═════ DATASET EXTRACT
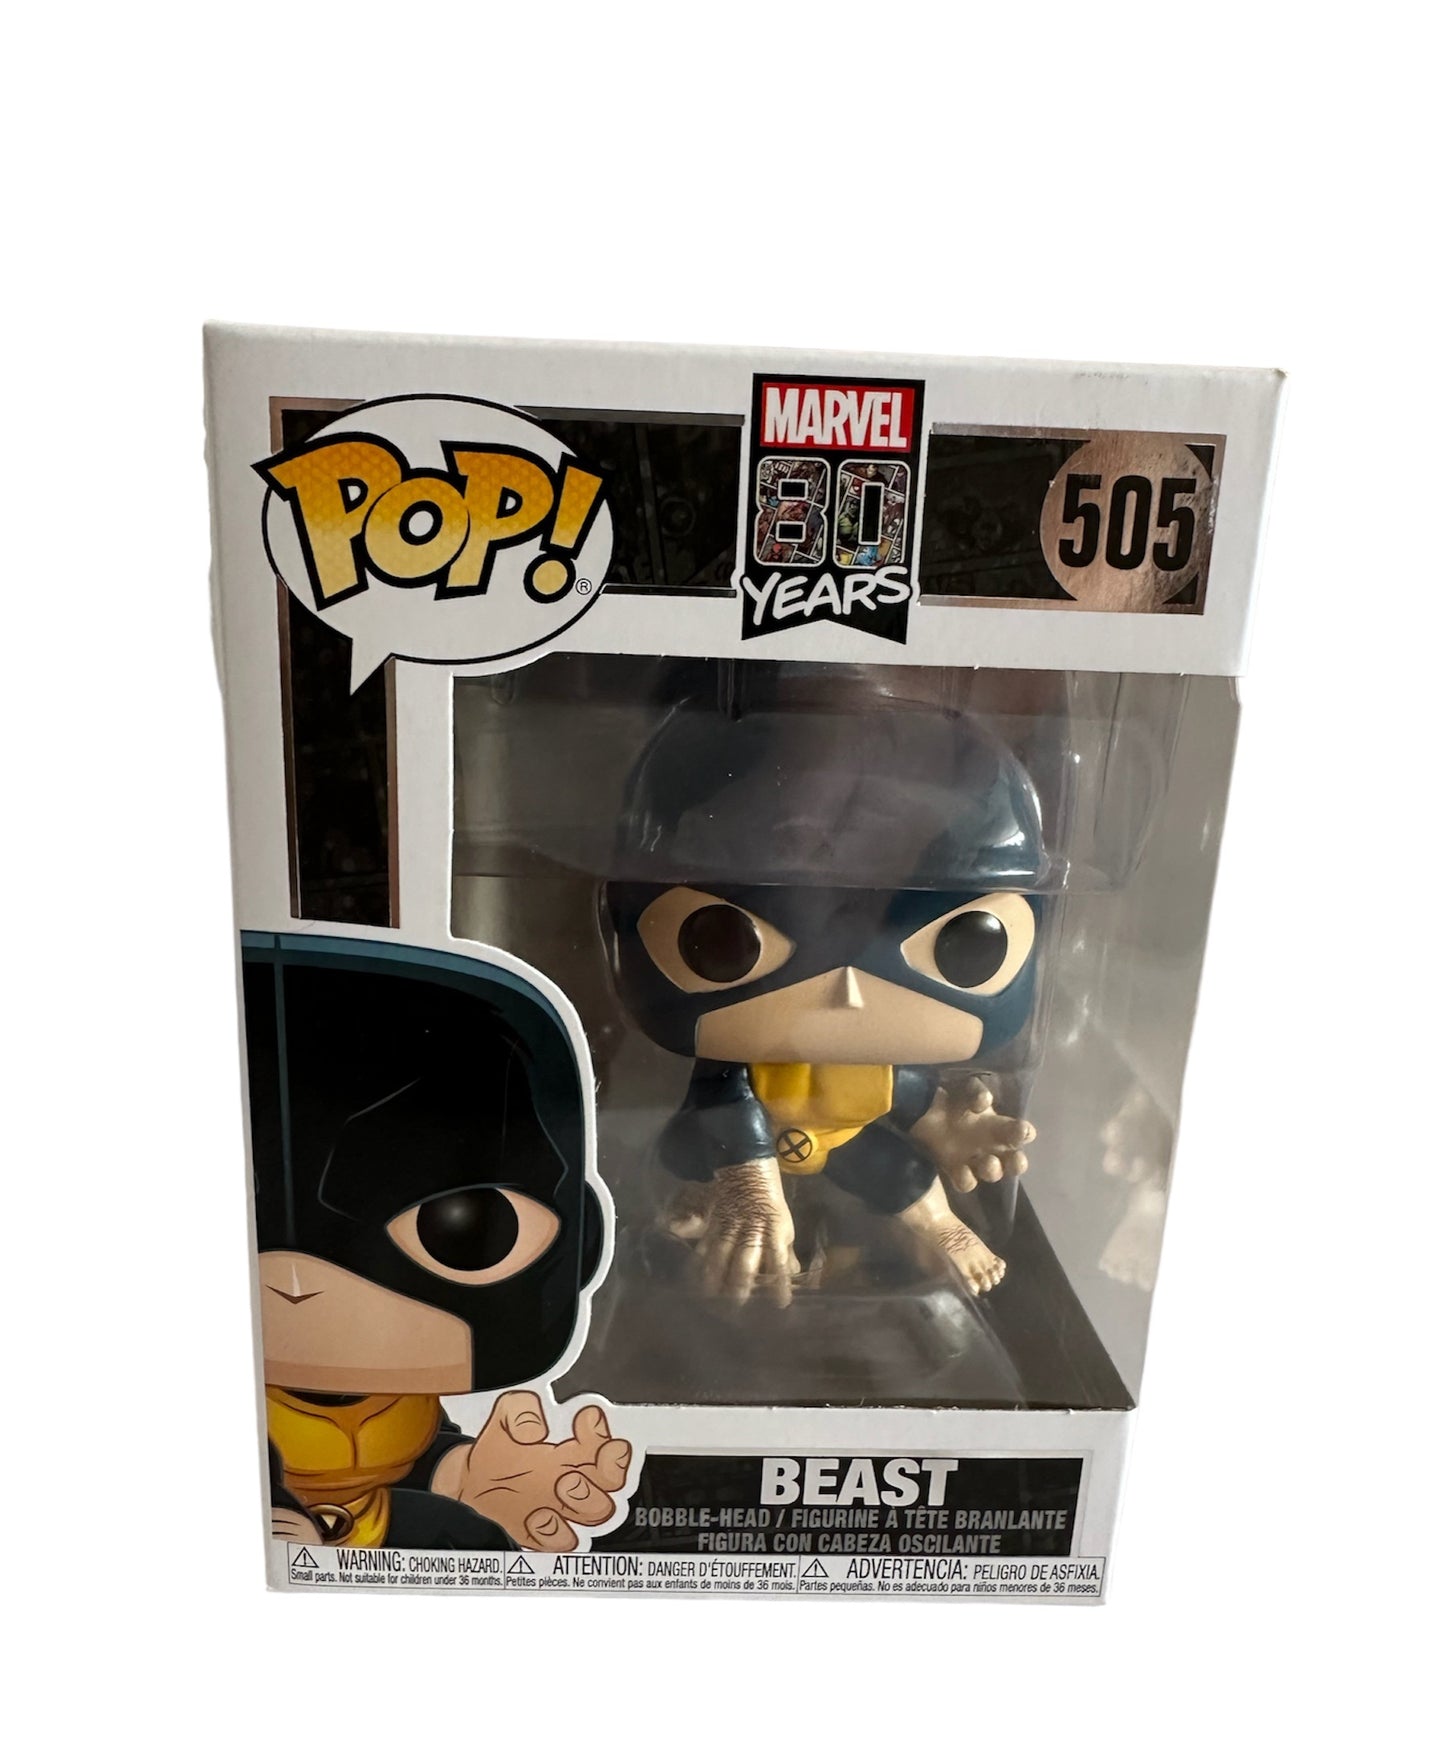 POP! 2019 Marvels 80 Years First Appearance Pop Vinyl Figure - The Beast Bobble-Head No. 505 - Brand New Shop Stock Room Find
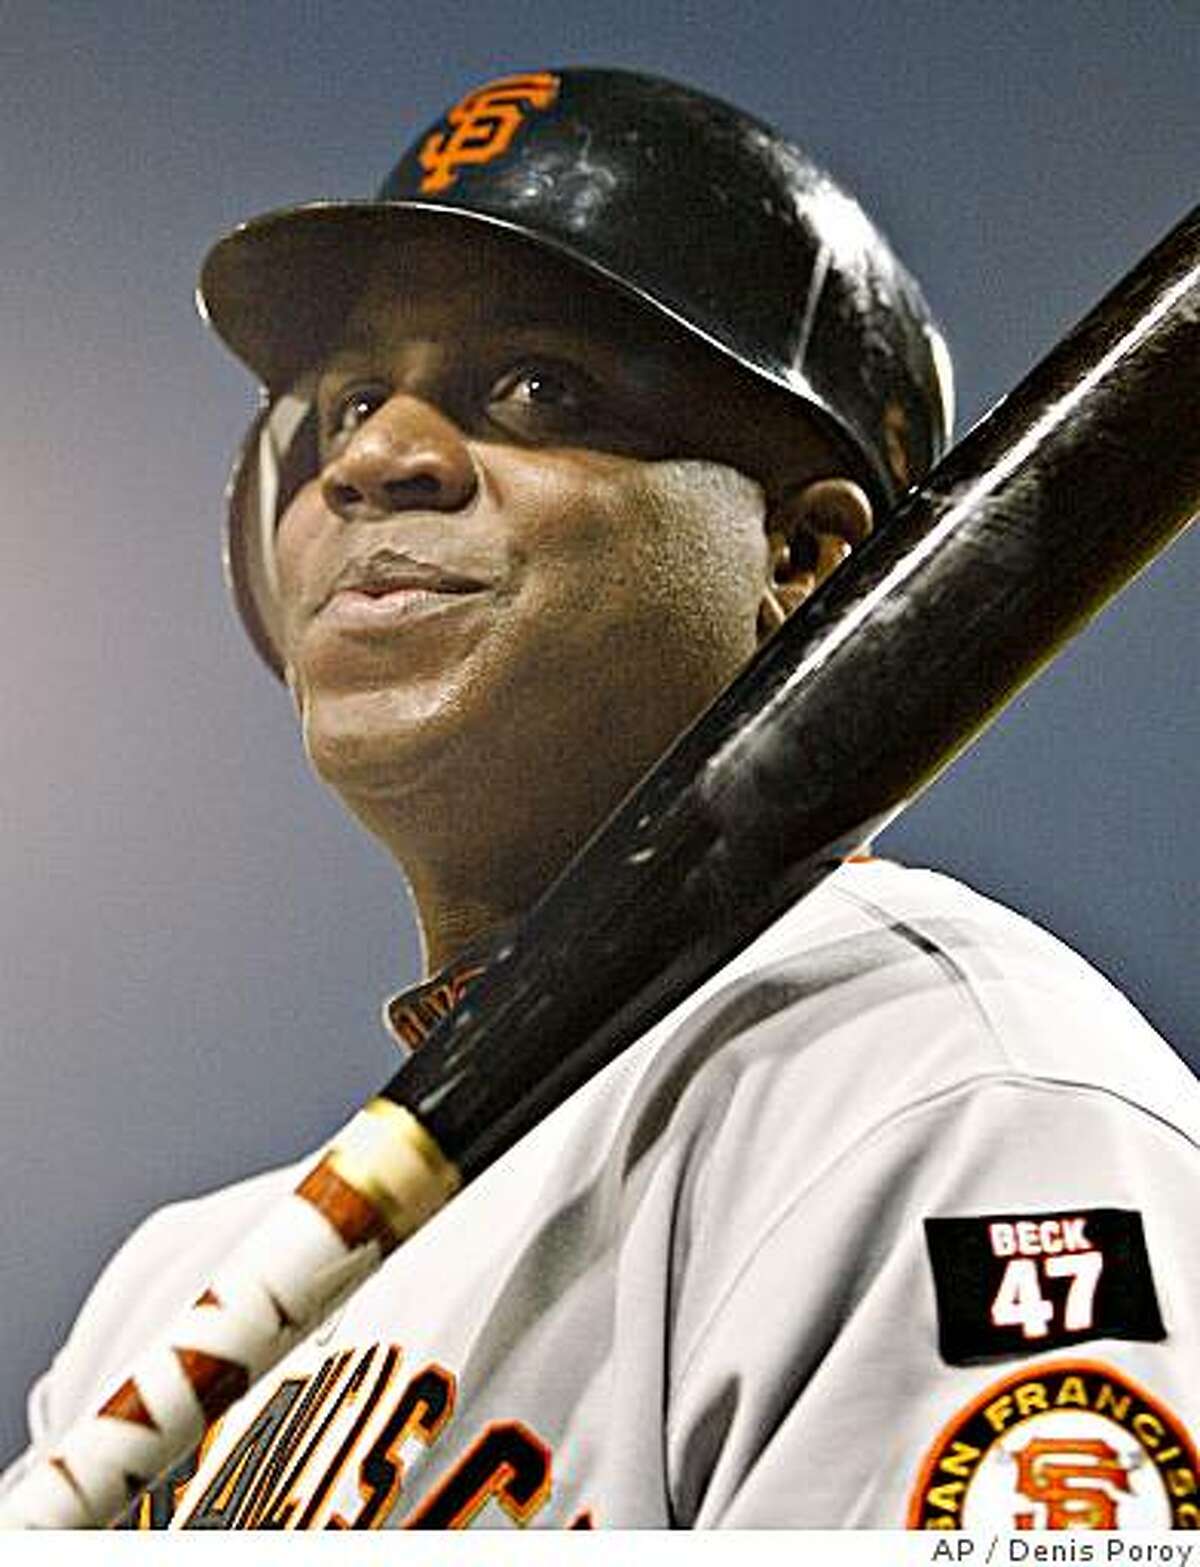 ** FILE ** San Francisco Giants' Barry Bonds waits before his at-bat in the second inning of a baseball game against the San Diego Padres, in this Sept. 15, 2007 file photo, in San Diego. A typo in court papers regarding Bonds filed late Thursday, Feb. 14, 2008, by federal prosecutors touched off a brief tempest over the mistaken belief that he failed a drug test in November 2001, one month after breaking the home run record. (AP Photo/Denis Poroy, File)
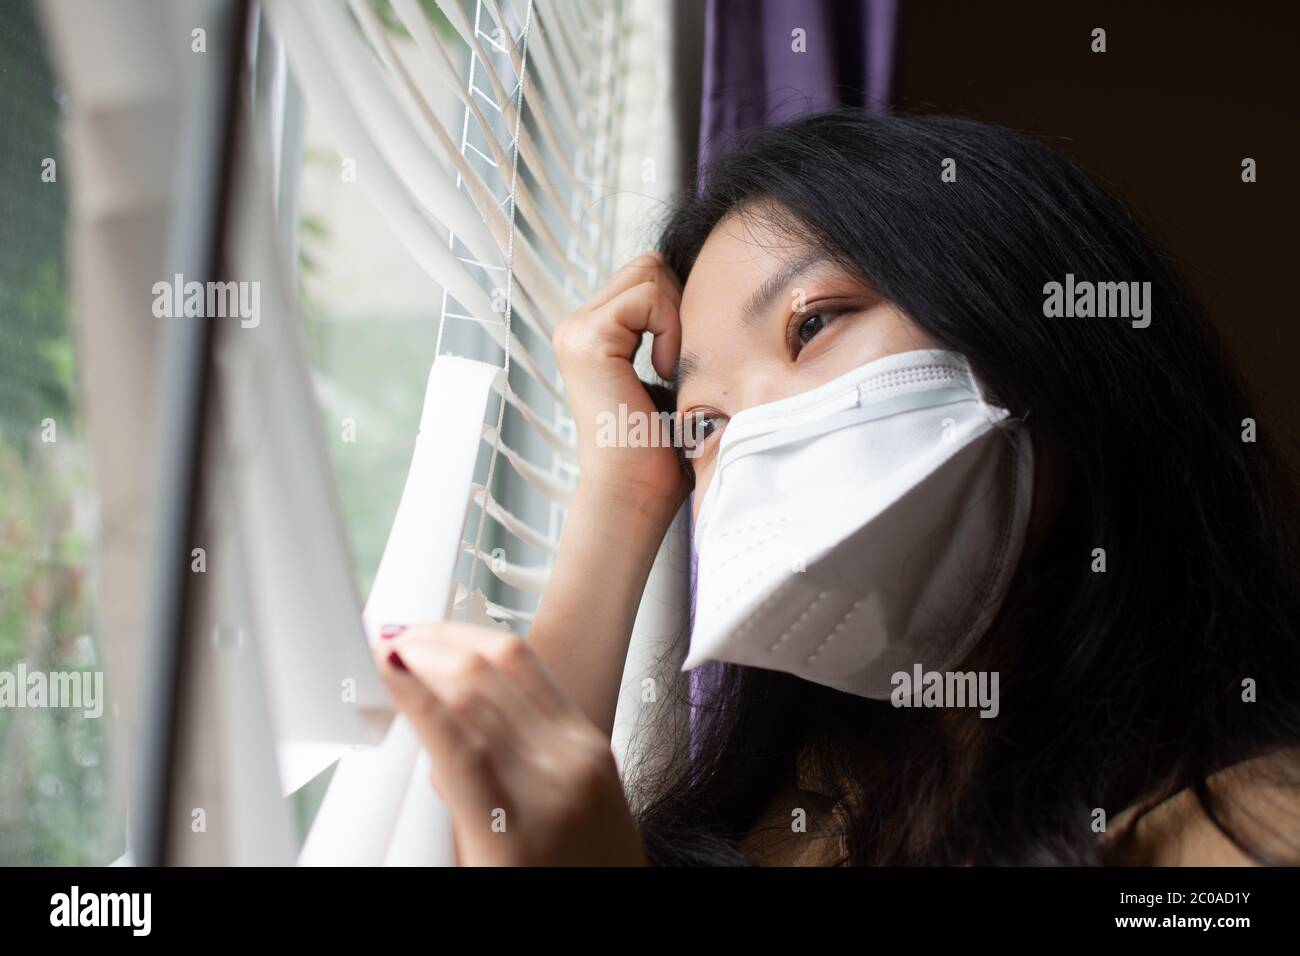 COVID-19 Pandemic Coronavirus Asian Woman Daydreaming Looking Outside During Stay At Home Order Stock Photo
══════════
AIM OF THE EXERCISE
Apart from the images, retype the full material exactly as written.

COMPLETED EXERCISE
 POP! 2019 Marvels 80 Years First Appearance Pop Vinyl Figure - The Beast Bobble-Head No. 505 - Brand New Shop Stock Room Find
 ** FILE ** San Francisco Giants' Barry Bonds waits before his at-bat in the second inning of a baseball game against the San Diego Padres, in this Sept. 15, 2007 file photo, in San Diego. A typo in court papers regarding Bonds filed late Thursday, Feb. 14, 2008, by federal prosecutors touched off a brief tempest over the mistaken belief that he failed a drug test in November 2001, one month after breaking the home run record. (AP Photo/Denis Poroy, File)
 COVID-19 Pandemic Coronavirus Asian Woman Daydreaming Looking Outside During Stay At Home Order Stock Photo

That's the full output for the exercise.